Des ouvriers déchargent la caisse spécialement conçue pour le transport de la tapisserie de Bayeux, au British Museum, à Londres, tôt le 10 juillet 2026.© AFP / Richard A. Brooks

Il est un peu moins de trois heures, heure de Londres, dans la nuit du jeudi 9 au vendredi 10 juillet, quand un camion jaune sans inscription franchit, derrière son escorte de police, le portail arrière du British Museum, à Londres. Dans la remorque, un caisson doublé d'une cage métallique. Et dans ce caisson, un trésor du XIe siècle : la tapisserie de Bayeux.

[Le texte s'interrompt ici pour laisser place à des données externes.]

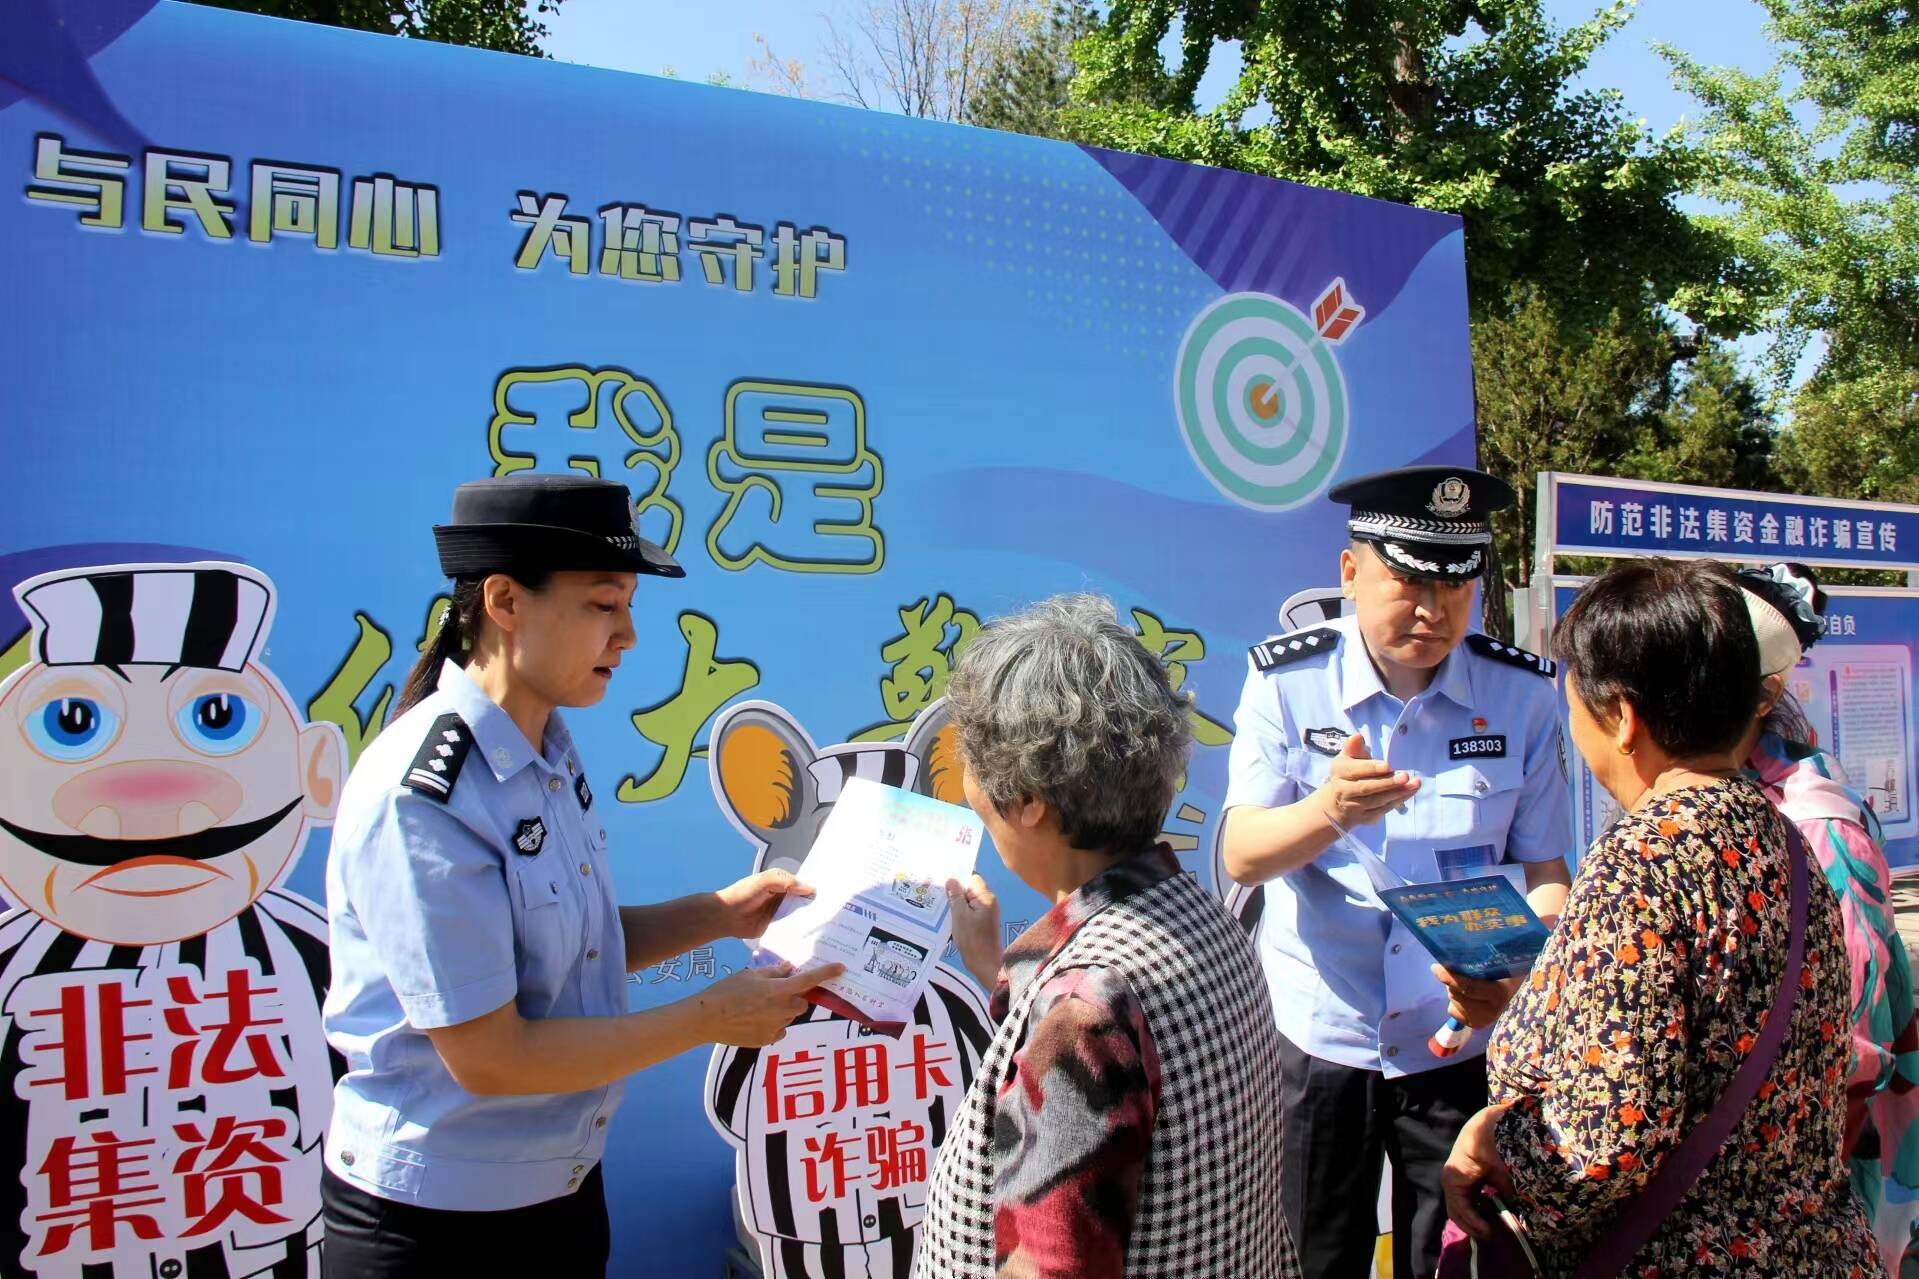  Jinan Public Security Carries out Publicity Activities on Preventing Economic Crimes

La caisse doublée d'une cage métallique contenant la tapisserie de Bayeux est déchargée puis conduite à l'intérieur du British Museum, dans la nuit du 9 au 10 juillet 2026 à Londres (images AFPTV).© AFP

Des manutentionnaires sortent le chargement à l'aide d'un chariot élévateur, puis le font rouler jusqu'à l'intérieur du musée, sous quelques applaudissements. Le directeur de l'établissement, Nicholas Cullinan, en gilet réfléchissant, serre la main de l'ambassadrice de France, Hélène Duchêne, devant une poignée de journalistes, dont l'AFP. « C'est un moment très émouvant », dit la diplomate, qui salue la « prouesse technique » réussie par les équipes britanniques et françaises.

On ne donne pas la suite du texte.